More than six years later Specter security issue impact on today’s CPU processors has been revealed, a new study has shown that the latest AMD and Intel processors are still susceptible to speculative execution attacks.
attack opened by ETH Zürich researchers Johannes Wikner and Kave Razavi aims to break down the barrier of an indirect predictor of industries (IBPB) on x86 chips, an important countermeasure against speculative execution attacks.
Speculative performance refers to a performance optimization feature however, modern processors execute certain instructions out of order, predicting program branching in advance, thus speeding up the task if the value used speculatively was correct.
If this results in a false prediction, the instructions, called transients, are invalidated and suppressed before the processor can resume execution with the correct value.
Although the execution results of transient instructions are unrelated to the architectural state of the program, they can still load certain sensitive data into the CPU cache through forced misprediction, thereby exposing it to a malicious adversary that would otherwise be blocked from accessing it to them. .
Intel describes IBPB as “a branch indirection control mechanism that establishes a barrier preventing software that was executing before the barrier from controlling the predicted targets of indirections that execute after the barrier on the same logical processor”.
It is used as a way to counter Branch Target injection (BTI), also known as Specter v2 (CVE-2017-5715), is a cross-domain transient execution attack (TEA) that exploits indirect branch predictors used by processors to cause disclosure gadget be speculatively executed.
A disclosure gadget refers to an attacker’s ability to access a victim’s secret that is otherwise architecturally invisible and obtain it through a covert channel.
Recent findings from ETH Zürich show that a microcode bug in Intel microarchitectures such as Golden Cove and Raptor Cove can be used to bypass IBPB. The attack was described as the first practical “end-to-end Spectre cross-process leak”.
The microcode flaw “preserves branch predictions in such a way that they can still be used after IBPB should have invalidated them,” the researchers said. “Such post-barrier speculation allows an attacker to bypass the security boundaries set by process contexts and virtual machines.”
Research has shown that AMD’s IBPB variant can be bypassed in the same way due to the way IBPB is applied by the Linux kernel, resulting in an attack codenamed Post-Barrier The beginning (aka PB-Inception) – This allows an unprivileged adversary to leak privileged memory on AMD Zen 1(+) and Zen 2 processors.
Intel has made available a microcode patch refer to problem (CVE-2023-38575, CVSS score: 5.5).
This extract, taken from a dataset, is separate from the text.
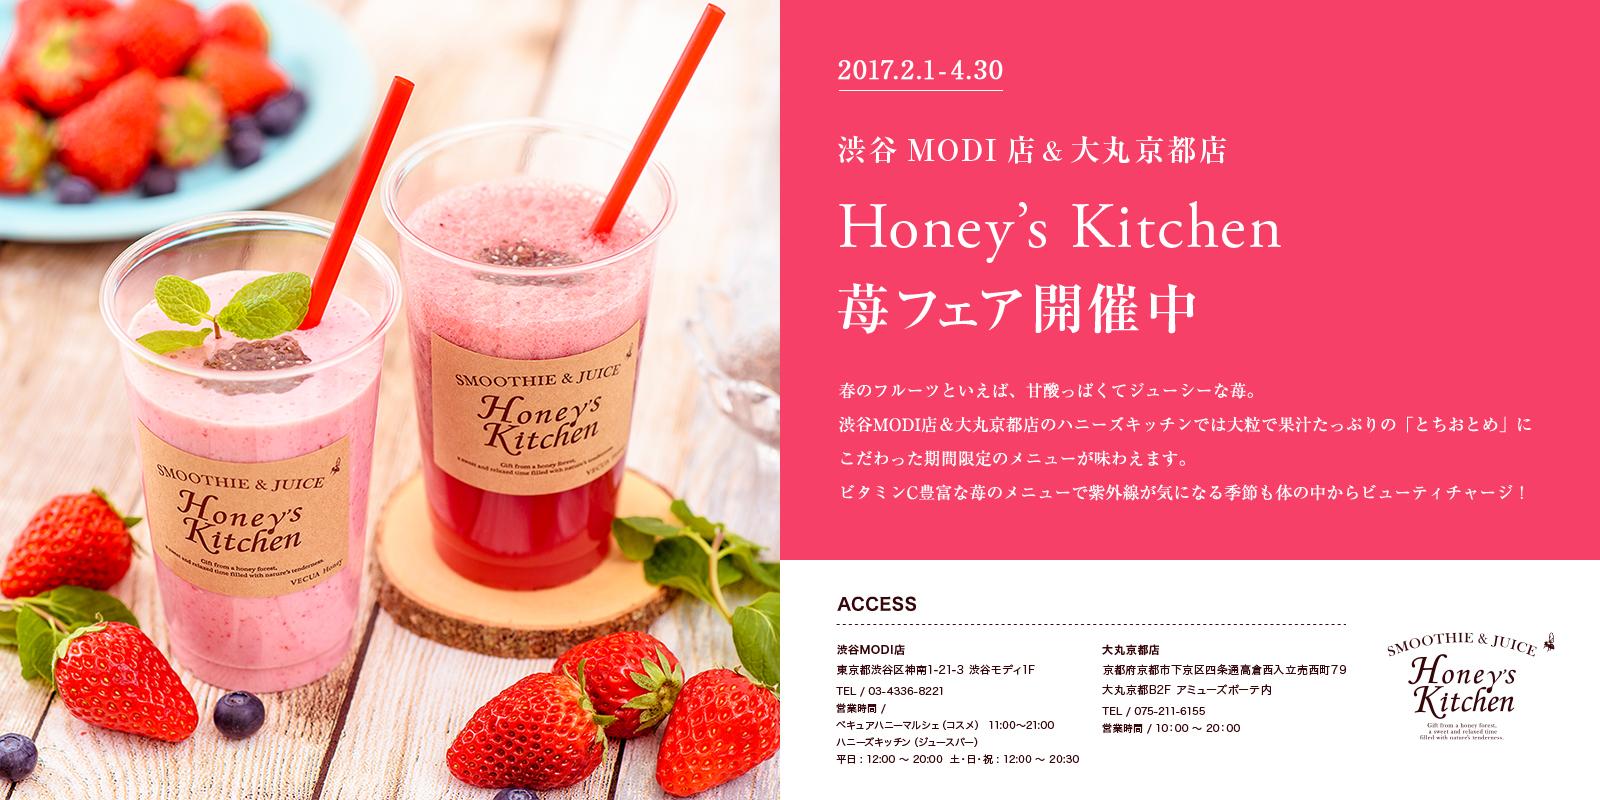 2017.2.1 – 4.30 渋谷MODI店&京都大丸店 Honey's Kitchen 苺フェア開催中

AMD, for its part, is tracking the vulnerability as CVE-2022-23824, according to advisory released in November 2022.
“Intel users should make sure their intel microcode is updated,” the researchers said. “AMD users should be sure to install kernel updates.”
The disclosure comes months after ETH Zürich researchers detailed new attack methods codenamed RowHammer ZenHammer and SpyHammer, the latter of which uses RowHammer to determine DRAM temperatures with high accuracy.
“The RowHammer is very sensitive to temperature changes, even if they are very small (eg ±1 °C),” the study says. said. “The percentage of bit errors caused by RowHammer constantly increases (or decreases) as temperature increases, and some DRAM cells vulnerable to RowHammer only detect bit errors at a certain temperature.”
Using the correlation between RowHammer and temperature, an attacker can determine computer system usage and measure ambient temperature. The attack could also compromise privacy by using temperature measurements to determine a person’s home habits and when they enter and leave a room.
“SpyHammer is a simple and effective attack that can spy on the temperature of critical systems without modification or prior knowledge of the victim system,” the researchers noted.
“SpyHammer could be a potential threat to the security and privacy of systems until a definitive and fully secure RowHammer defense mechanism is adopted, which is a big problem given that the RowHammer vulnerability continues to worsen as the technology scales.”